Since the length of the trench and the number of men are in direct variation, we have : \frac{11}{x} = \frac{27 / 4}{27} \Rightarrow 11 \times 27 = x \times \frac{27}{4} \Rightarrow x = \frac{11 \times 27 \times 4}{27} = 44 Thus, 44 men will be required to dig a trench of 27 metre .

Question 18:

A worker is paid Rs 210 for 6 days work. If his total income of the month is Rs 875, for how many days did he work?

Answer 18:

Let x be the number of days for which the worker is paid Rs 875.

Income (in Rs.)	210	875
Number of days	6	x

Since the income of the worker and the number of working days are in direct variation, we have : \frac{210}{875} = \frac{6}{x} \Rightarrow 210 \times x = 875 \times 6 \Rightarrow x = \frac{875 \times 6}{210} = \frac{5250}{210} = 25 Thus, the required number of days is 25 .

Question 19:

A woker is paid Rs 200 for 8 days work.

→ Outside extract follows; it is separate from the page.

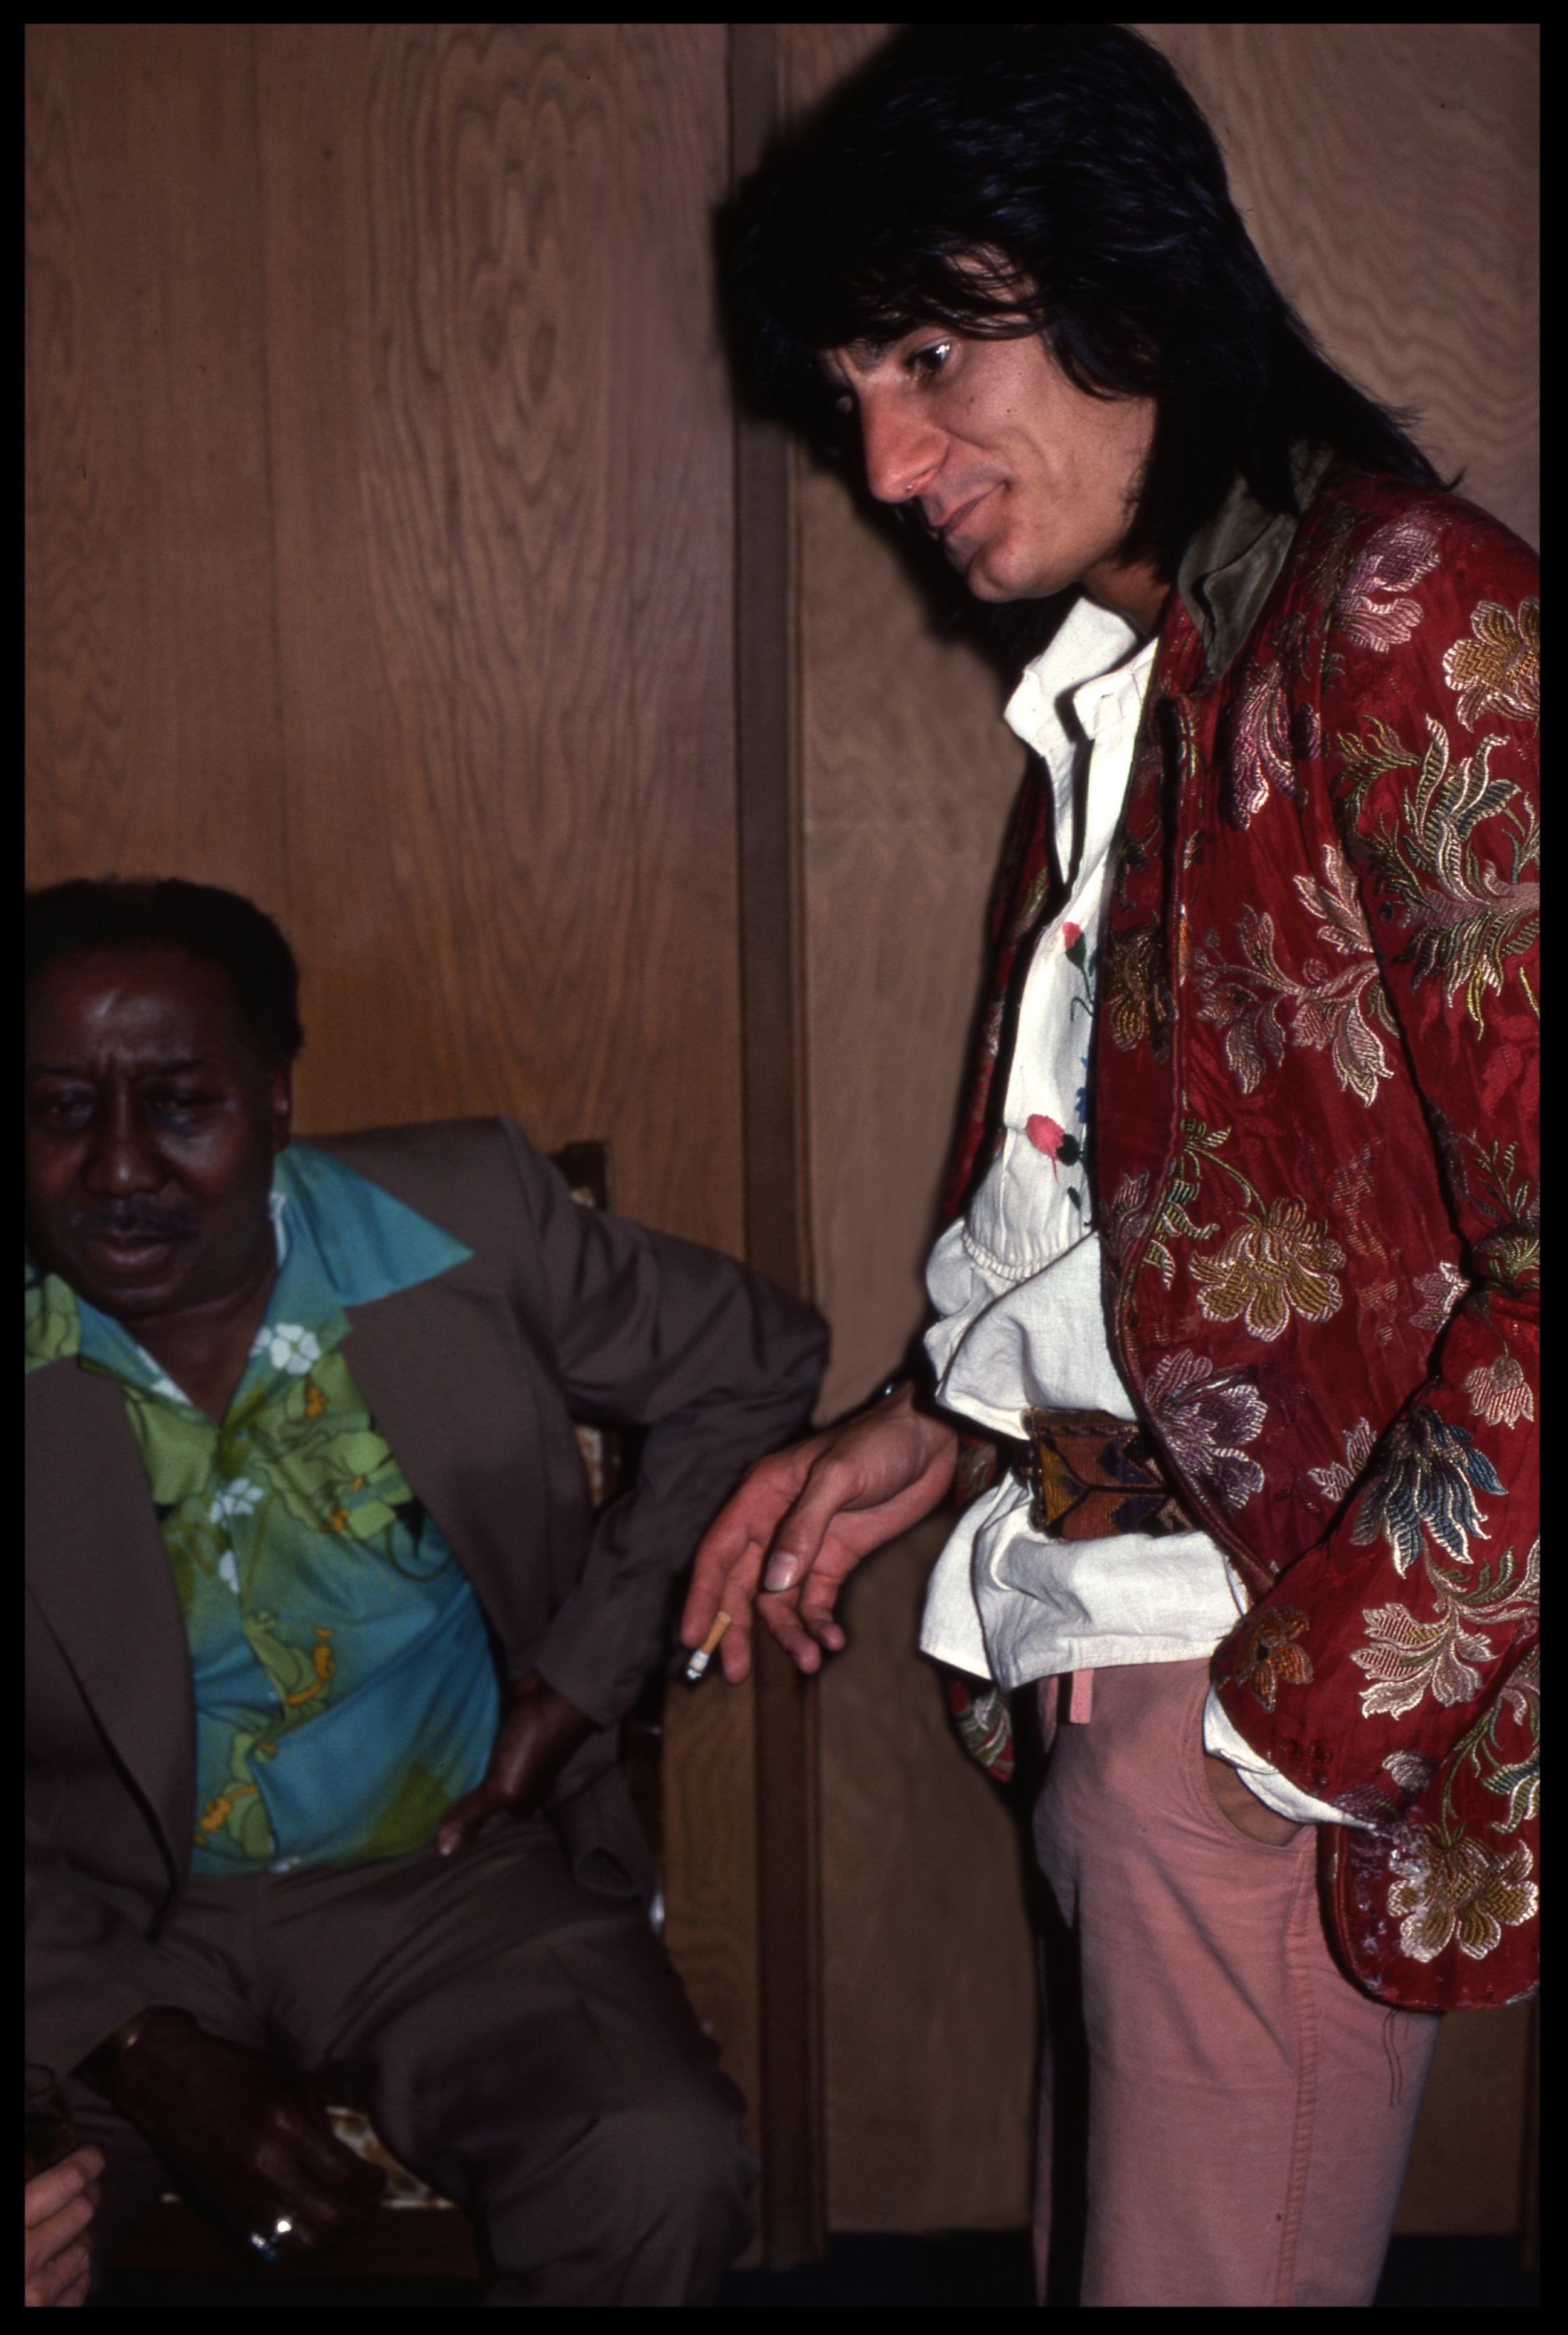 Muddy Waters and Ronnie Wood of the Rolling Stones c.1975 from original 35mm transparency #muddywaters #ronniewood #rollingstones #fenderguitar #gibsonguitar #rockandrollphoto #fineartphoto #fineart

If he works for 20 days, how much will he get?

Answer 19:

Let Rs x be the income for 20 days of work.

Income (in Rs)	200	x
Number of days	8	20

Since the income and the number of working days are in direct variation, we have : \frac{200}{x} = \frac{8}{20} \Rightarrow 200 \times 20 = 8 x \Rightarrow x = \frac{200 \times 20}{8} = \frac{4000}{8} = 500 Thus, the worker will get Rs 500 for working 20 days .

Question 20:

The amount of extension in an elastic string varies directly as the weight hung on it. If a weight of 150 gm produces an extension of 2.9 cm, then what weight would produce an extension of 17.4 cm?

Answer 20:

Let x gm be the weight that would produce an extension of 17.4 cm.

Weight (in gm)	150	x
Length (in cm)	2.9	17.4

Since the amount of extension in an elastic string and the weight hung on it are in direct variation, w e h a v e : \frac{150}{x} = \frac{2.9}{17.4} \Rightarrow 17.4 \times 150 = 2.9 \times x \Rightarrow x = \frac{17.4 \times 150}{2.9} = \frac{2610}{2.9} = 900 Thus, the required weight will be 900 gm .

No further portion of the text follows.